What makes a great coffee shop?

York's "coffee Tsar"
Sadie Walton
Independent coffee shops in York are going from strength to strength. Here I speak to the city's coffee guru Sadie Walton to find out what’s brewing…

SADIE Walton is a 30 year-old-coffee lover who has turned her daily habit into her nine to five.

As the city’s unofficial coffee Tsar, what Sadie doesn’t know about coffee isn’t worth knowing.

Aged 25, she opened her first café – La Cremeria in High Petergate. Two years later, she sold it and opened the York Coffee Emporium. Today, she runs the business online, offering a “boutique coffee-roasting service” for clients, including many cafés and restaurants in the city. She also trains baristas and is to be one of the judges in the upcoming UK Barista Championships.

We arrange to meet in a café of her choice: Coffee Culture on Goodramgate. It sells some of Sadie’s Java blend as its specialist coffee. Needless to say, this is what she orders. “It’s an Indonesian coffee, characterised by a smoky earthiness,” she explains. “It tends not to be very sweet, but full bodied, rich and smooth.”

I order a cappuccino; it features the house blend, and is one of the best coffees I have ever had. The milk is thick and creamy and seems to ooze into the smooth-tasting coffee rather than just sit on the top like a stiff meringue.

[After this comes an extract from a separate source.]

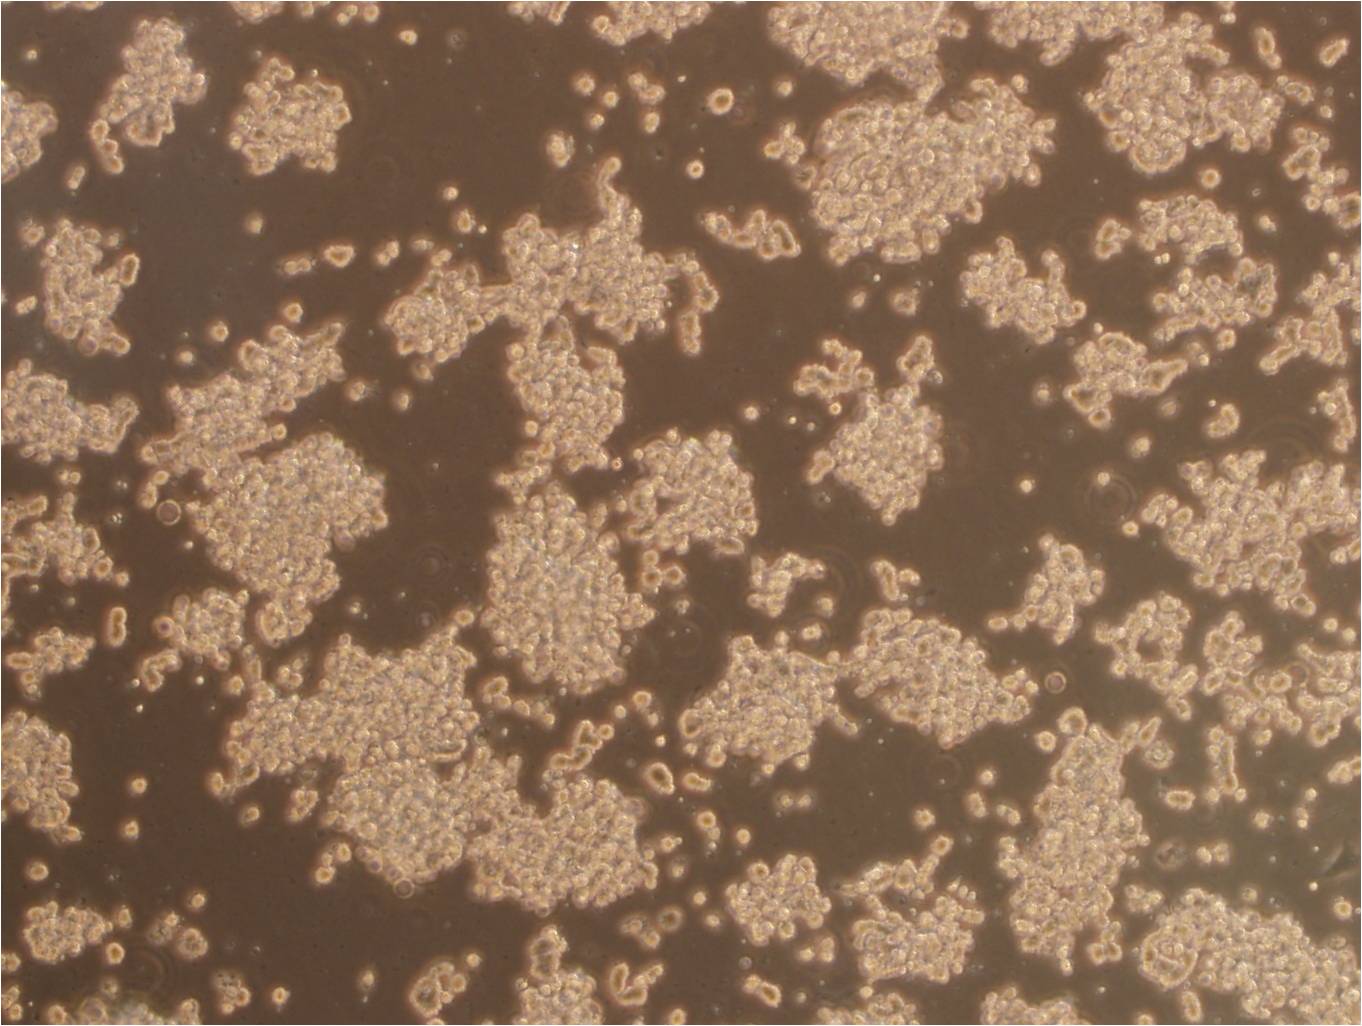 P388D1 Cell:小鼠淋巴样瘤细胞系

Sadie says the skill of the barista – or coffee maker – is often the secret to a great coffee. And it is here, she says, that the independents can really make their mark.

“In the UK, our baristas are not getting the respect they deserve. In Italy, being a barista is a highly regarded profession. In Australia, a barista can make or break the reputation of a café and a great one is highly sought after.”

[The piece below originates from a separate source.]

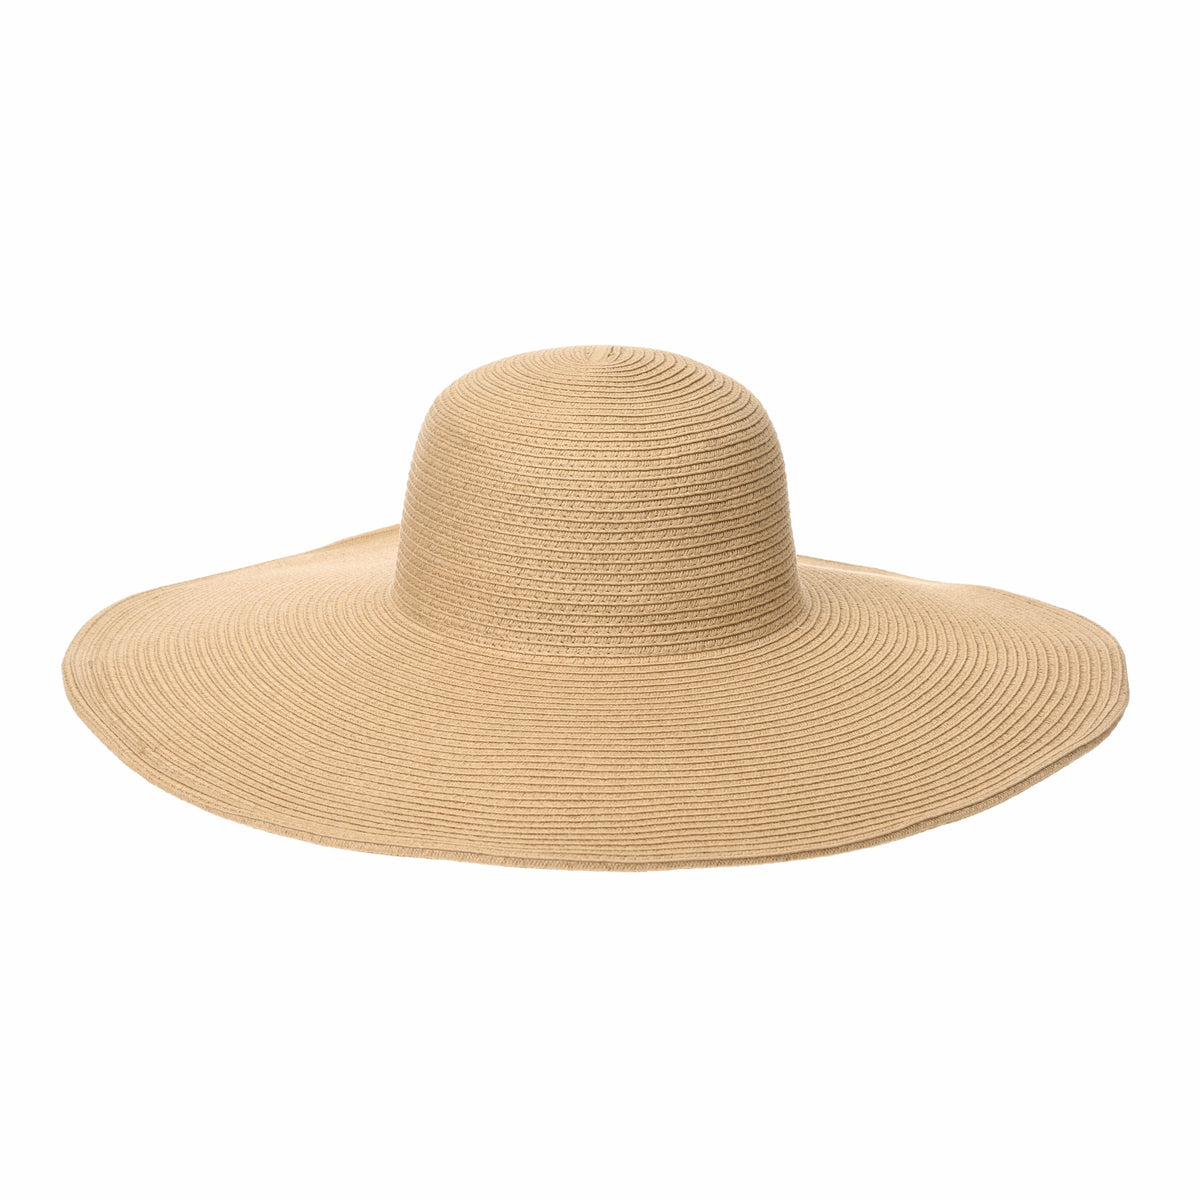 Krystle Stylish Straw Sun Hat Wide Large Brim Beach Floppy Hat-(White)

Even the best beans in the world can taste bad in the hands of a poorly-trained barista, she adds.

So what’s the key to a great coffee? “They have to grind the beans just right so that the water doesn’t come through too fast – that makes the coffee taste weak,” begins Sadie.

How they steam the milk – or “milk texturising” – is crucial too. “You want a creamy foam with lots of tiny bubbles holding it together.”

Getting the coffee dosage right is vital too. “Independents tend to use smaller cups because they are trying to make coffee in the right manner; people don’t want soup bowls of warm milk.”

Although we are in straitened economic times, the coffee industry is yet to feel the pinch.

“The industry has been called ‘recession proof’ although I don’t like to say that,” says Sadie. “It is seen as an ‘affordable luxury’. If you are cutting back on holidays, you can still have your nice cup of coffee in the morning.”

Sadie has noticed the expansion of independent coffee shops in the city, and believes it is probably now at saturation point.

In taking on the big guns such as Starbucks and Costa, the independents can stand out through quality products and service, says Sadie. They can do things the giants can’t do too, she adds, such as offering a range of speciality blends and roasts – in the way popular pubs sell a range of independent beers and guest ales.

“The coffee industry is easily comparable to the micro-brewing industry. And it’s great for cafés to offer something that little bit different.”